> Directions
Begin at the line with "Like, tag, or sha" and set down each line exactly until the listing ends. Images stay out.

== Given material ==

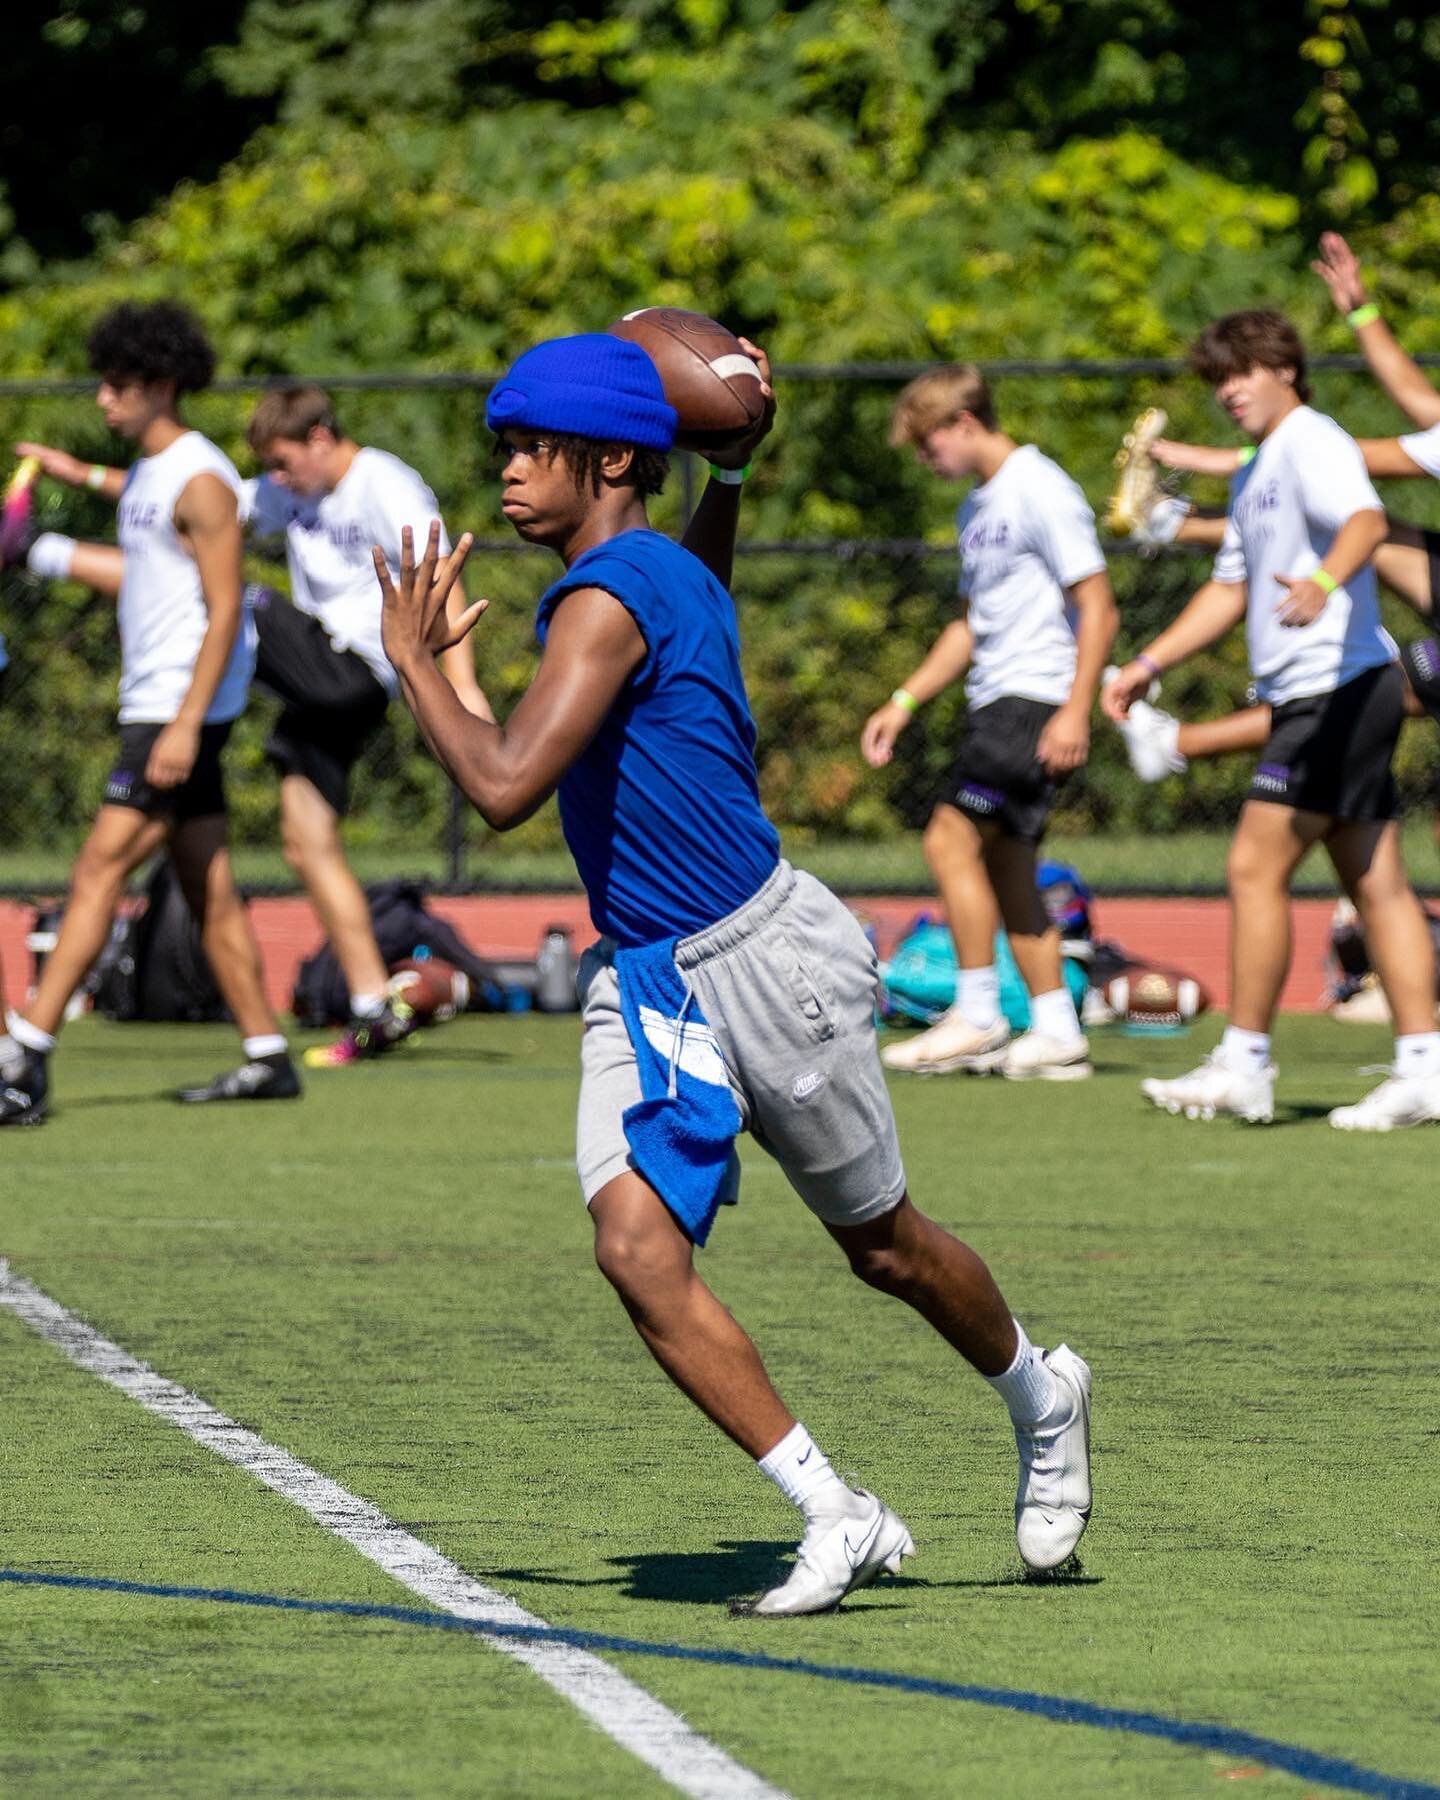 Captured some moments from the Stony Brook 7 on 7 of @eaglefootballbk , @sayvillefootball , @footballbunnell , @waterbury.career.academy , and @esm_athletic_dept. All photos can be found on our online photo gallery link in the bio!

Like, tag, or sha
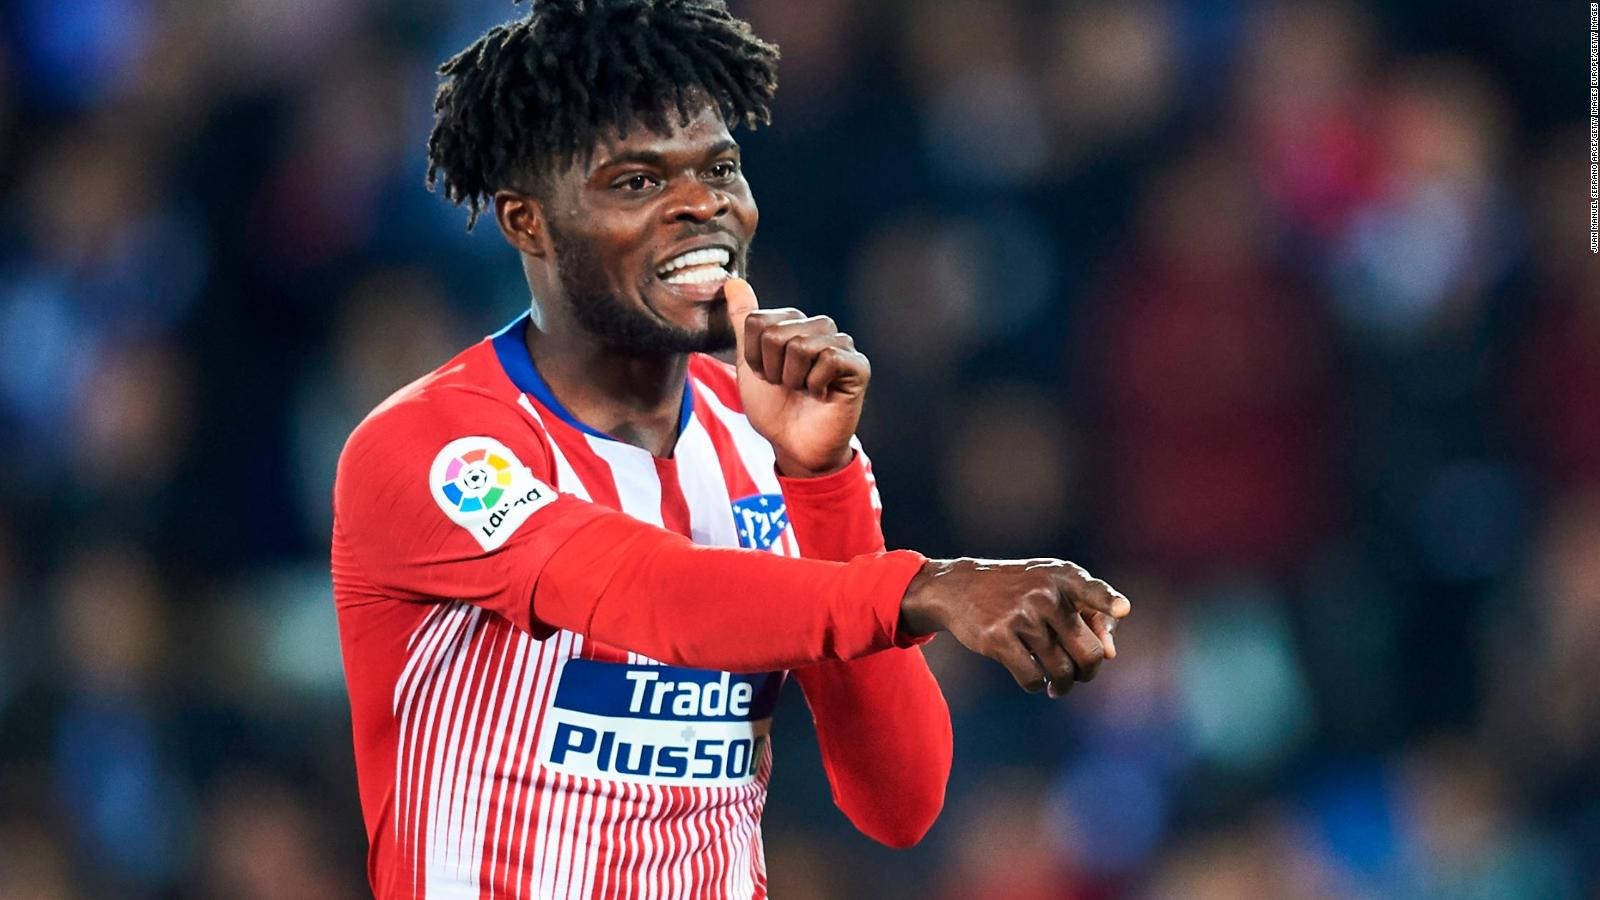 Top 999+ Thomas Partey Wallpapers Full HD, 4K✅Free to Use

===

> Response below
Like, tag, or sha
 Top 999+ Thomas Partey Wallpapers Full HD, 4K✅Free to Use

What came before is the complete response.